In all of this, Serafini-Sauli is present, but just outside the lens. Whether she was putting the camera in the face of her friends three decades ago or meeting up for interviews upon the New Rising Sons’ LP release of Set It Right, twenty years after its recording, she is always present. I was somewhat surprised by the more detached position, present only in glances and historic and present-day voiceover. After all, it’s her perspective as a fan and a friend that makes Endless Calls for Fame possible. Ultimately, I think the choice was the right one. By centering Klahn, McGinnis, and Thomas, Serafini-Sauli is able to put the full focus on the trio, their friendship, and their music. We see the New York of the New Rising Sons, as the city’s grit was slowly washed off between the hardcore era of CBGB and the Strokes’ release of Is This It. We get a sense of what it’s like to be young and in demand from an industry that would have the bottom fall out years later. Most valuably, we see the New Rising Sons’ love for each other, as palpable in the film as it is complicated. Their 2019 meeting to hear the new masters of Set It Right before its release on a small German label, and the contemporaneous solo interviews, seemed like a reunion of musical soulmates who came of age together. It belied a one-night-only revival in 2008 where Klahn and McGinnis clashed over artistic differences, as in the band’s dissolution at the end of the previous decade.

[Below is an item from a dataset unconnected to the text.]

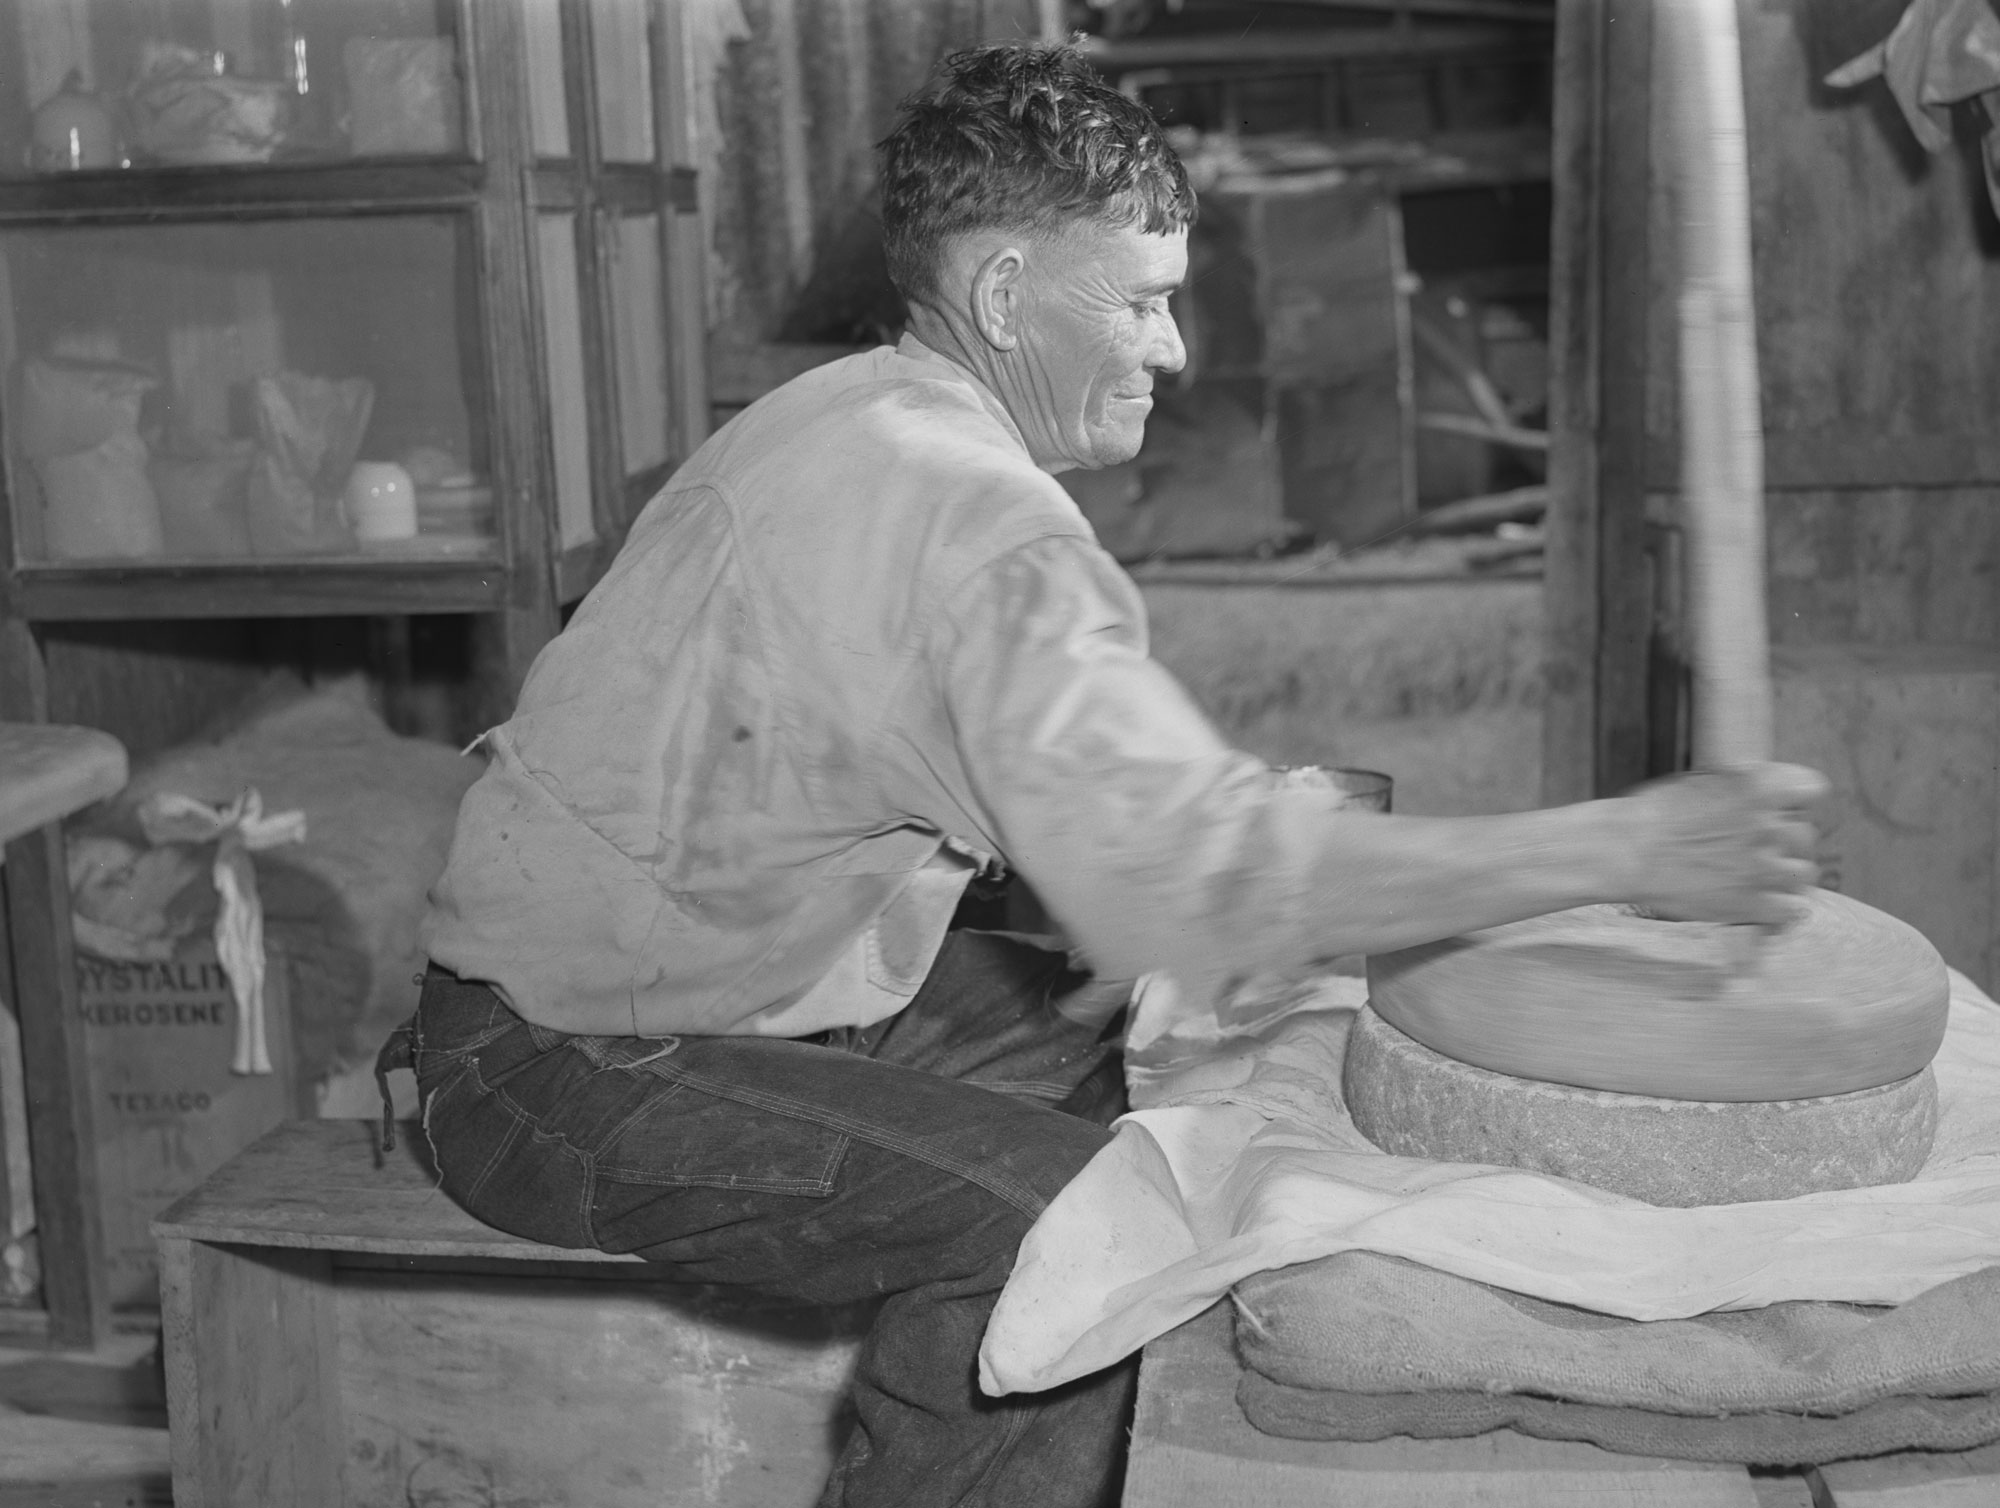 A photograph of a man using grinding stones on St. Croix Island in 1941. The man is sitting on a wooden box or stool, in front of a wood-plank table. He is wearing a long-sleeved shirt and what appear to be jeans. On the table are two large circular stones, one stacked on top of the other. The man is using a wooden pole placed in a depression near the edge of the upper stone to spin in on top of the lower stone, grinding maize grains between them.

Ultimately, the music, and the deeper bonds, won out, and we see the New Rising Sons together again, just before Covid-19 quarantines began and scuppered any plans for a reunion tour. All that remains are the LP, a second compilation, this documentary, and each other. But Endless Calls for Fame serves as a worthy, sentimental document to mark this point in the careers of these three artists, and the scene that birthed them.